PRESIDENT’S RETREAT, BOLTINO, RUSSIA
A SHORT TIME LATER
They didn’t always meet like this to make love. Both Russian president Leonid Zevitin and minister of foreign affairs Alexandra Hedrov loved classic black-and-white movies from all over the world, Italian food, and rich red wine, so after a long day of work, especially with a long upcoming trip ready to begin, they often stayed after the rest of the staff had been dismissed and shared some time together. They had become lovers not long after they first met at an international banking conference in Switzerland almost ten years earlier, and even as their responsibilities and public visibility increased they still managed to find the time and opportunity to get together.
If either of
them was concerned about the whispered rumors of their affair, they showed no sign of it. Only the tabloids and celebrity blogs spoke of it, and those were all but dismissed by most Russians — certainly no one in the Kremlin would ever wag their tongues about such things and about such powerful people in anything louder than a quiet thought. Hedrov was married and was the mother of two grown children, and they long ago learned that their lives, as well as the life of their wife and mother, belonged to the state now, not to themselves.
The president’s dacha was the closest to security and privacy than anything else they could ever expect in the Russian Federation. Unlike the president’s official residence in the Senate Building at the Kremlin, which was rather unassuming and utilitarian, Zevitin’s dacha outside Moscow was modern and stylish, fit for any international business executive. Like the man itself, the place revolved around work and business, but it was hard to discern that at first glance.
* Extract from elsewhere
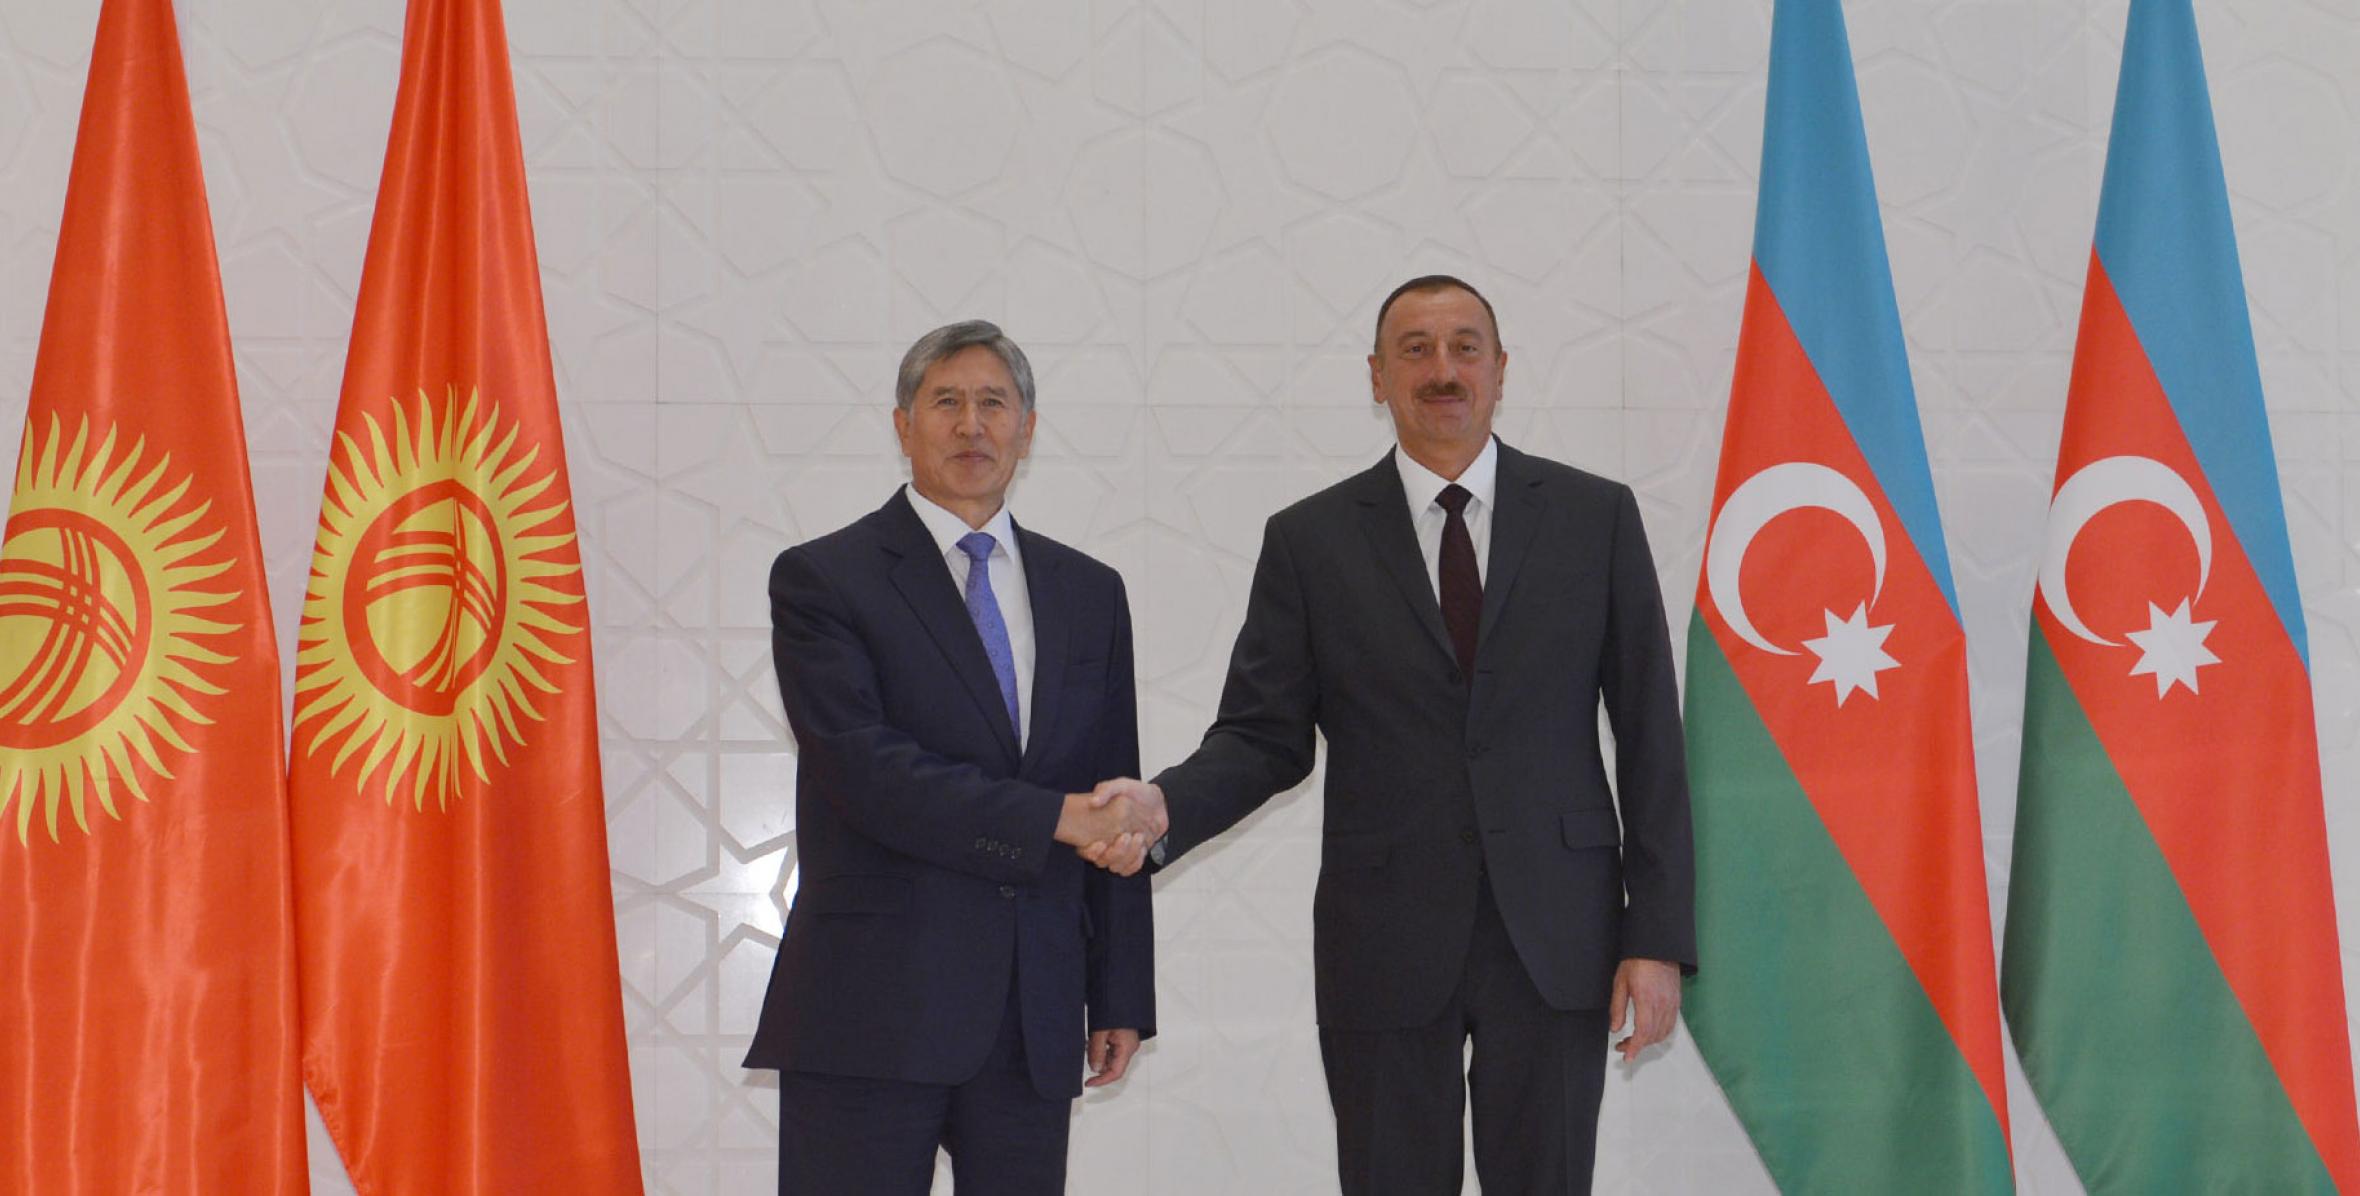 В Габале состоялась встреча Ильхама Алиева и Президента Кыргызской Республики Алмазбека Атамбаева

After flying in to Boltino to the president’s private airport nearby, visitors were driven to the residence by limousine and escorted through a sweeping grand foyer to the great room and dining room, dominated by three large fireplaces and adorned with sumptuous leather and oak furniture, works of art from all over the world, framed photos of world leaders, and mementos from his many celebrity friends, topped off with a spectacular panoramic view of Pirogovskoje Reservoir outside the floor-to-ceiling windows. Special guests would be invited up the double marble curved staircases to the bedroom suites on the second floor, or down to the large Roman-style baths, indoor pool, thirty-seat high-definition movie theater, and game room on the ground floor. But all that was still only a fraction of the square footage of the place.